Without a direct vested interest for the second consecutive bowl season (rooting against The Vest doesn't count), the games felt a little stale, boring and unnecessary. Don’t get me wrong, I watched almost every one, but you know what I mean.

I didn’t even have much hope for the whole “rooting for the Big Ten” route, as the conference gave me almost no hope of remote competitiveness after finishing 1-6 in postseason play last year, a record so bad you’d almost think the Big Ten was intentionally trying to embarrass itself.

But then Wisconsin dominated Miami (Fla.) in a game that was much more lopsided than its 20-14 score would lead you to believe. Then, Northwestern narrowly fell to Auburn in overtime in the Outback Bowl, despite five ridiculous interceptions from quarterback Mike Kafka, including two at the goal line, and a kicker who seemingly did not understand the ultimate goal of placekicking.

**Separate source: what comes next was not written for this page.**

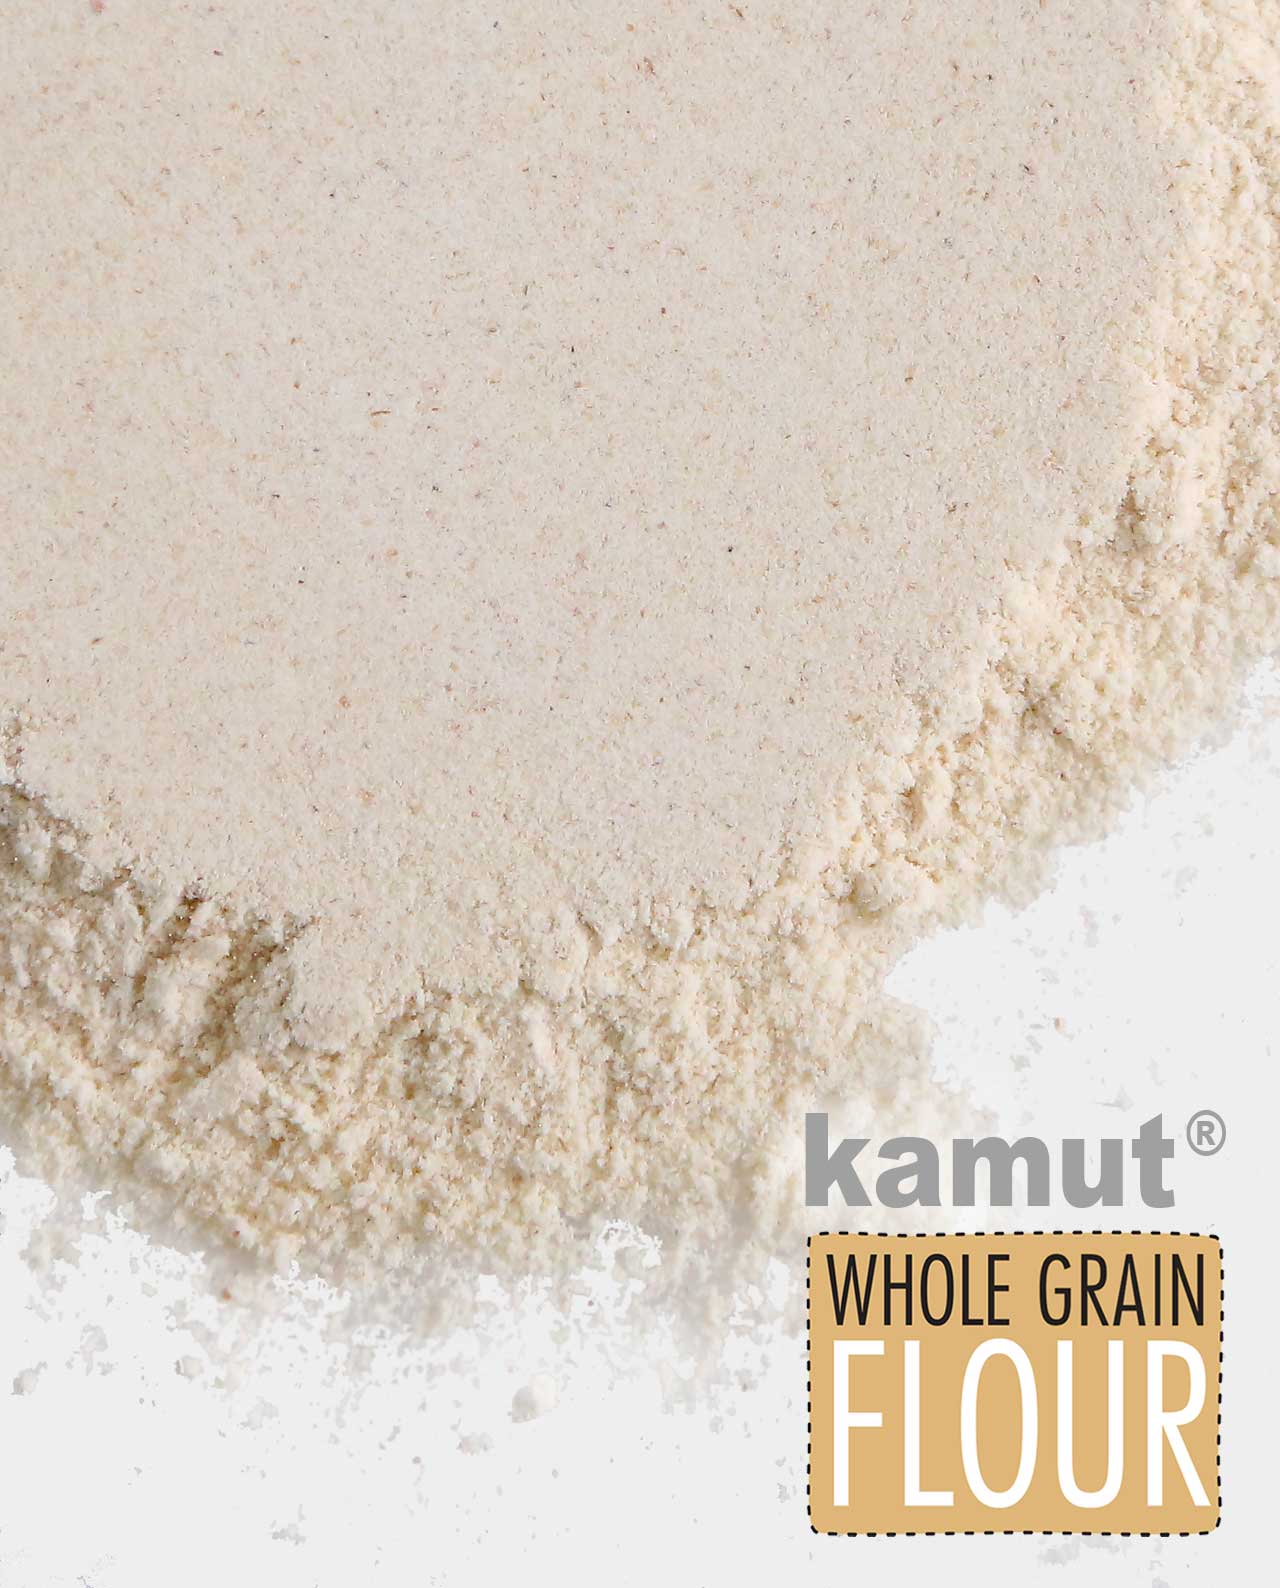 Kamut® Whole Grain Flour

The Outback Bowl’s sideline reporter said Northwestern coach Pat Fitzgerald told his team in the fourth quarter that “We’re still in this, even though we’re playing with 10 men on offense — our QB is playing for the other team!” and the Wildcats still almost pulled it out.

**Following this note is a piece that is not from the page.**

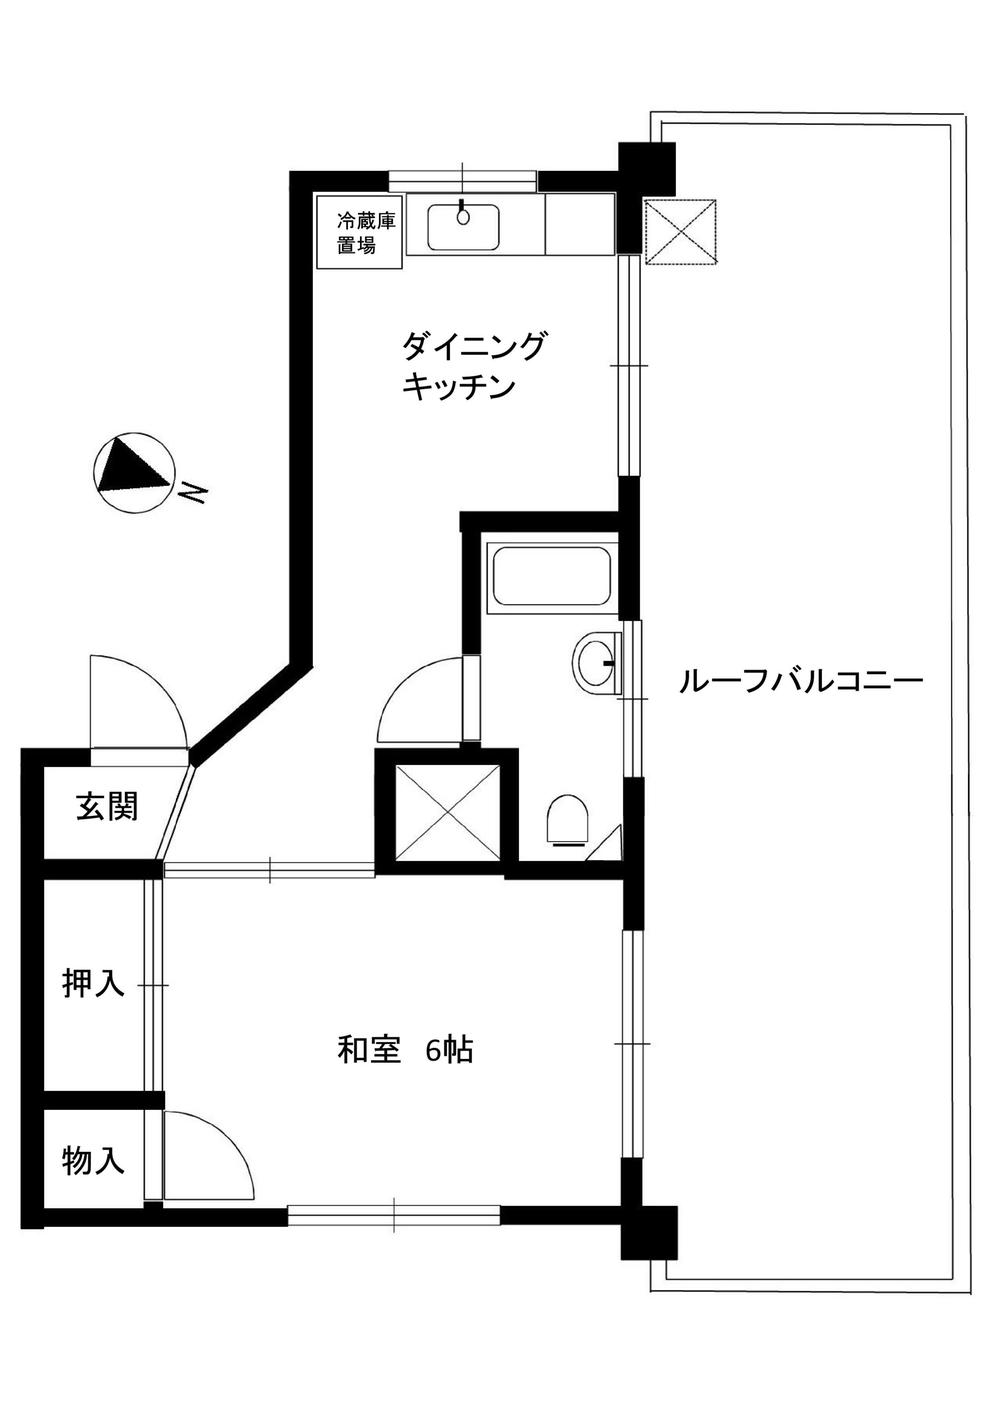 Floor plan. 1DK, Price 9.8 million yen, Occupied area 26.89 sq m

Then, Penn State beat LSU in the trenches. And That Team Which Shall Remain Nameless claimed the conference’s first Rose Bowl Championship since the 1999-2000 season. (A fact which still boggles my mind, seeing as how the Big Ten helped create the "Grand Daddy Of Them All").

And Iowa won the Orange Bowl 24-14 last night. Georgia Tech’s spread-triple-option-type offense is incredibly hard to scout against (just ask Clemson), and the Hawkeyes should get major, major props for its pregame preparation.

Wait — the lowly Big Ten playing well in the BCS — the same conference which hadn’t won on the nation’s big stage since the 2004-05 season? Wow.

But the most impressive performance may have been in a losing effort — Michigan State and its Big Ten worst pass defense (sans starting cornerback Chris L. Rucker and a slew of frat-boy-pounding players after being suspended for an on-campus brawl) lost a heartbreaker to pass-happy Texas Tech, a game which I had written off as an inevitable blowout, with or without coach Mike Leach.

All told, the conference finished 4-3 in bowls, with a terrific showing in the Bowl Championship Series. It doesn’t sound all that spectacular, but it’s somewhat of a remarkable turnaround from a near-disastrous output 12 months ago.

The Big Ten finally — after what seems like a football eternity — has taken back some of the credibility it lost when Southern Cal decided to make idiots out of any Midwesterner who dared travel to Pasadena in January during a depressing eight-year span. And a wholly unexpected 2-0 mark in the BCS should certainly turn the nation’s collective head toward the Great Lakes.

I don’t think anyone saw this kind of collective performance coming (especially ESPN columnist Pat Forde, who predicted a second straight 1-6 record for the Big Ten). So it was a pleasant surprise for Big Ten fans — and it should be, even for the fans of the four teams that missed out on the postseason this time around.

I don’t know if this will have any long-lasting effects, but it’s gotta feel nice for Big Ten commissioner Jim Delany and the rest of the conference to stifle the rest of the nation — at least for one offseason.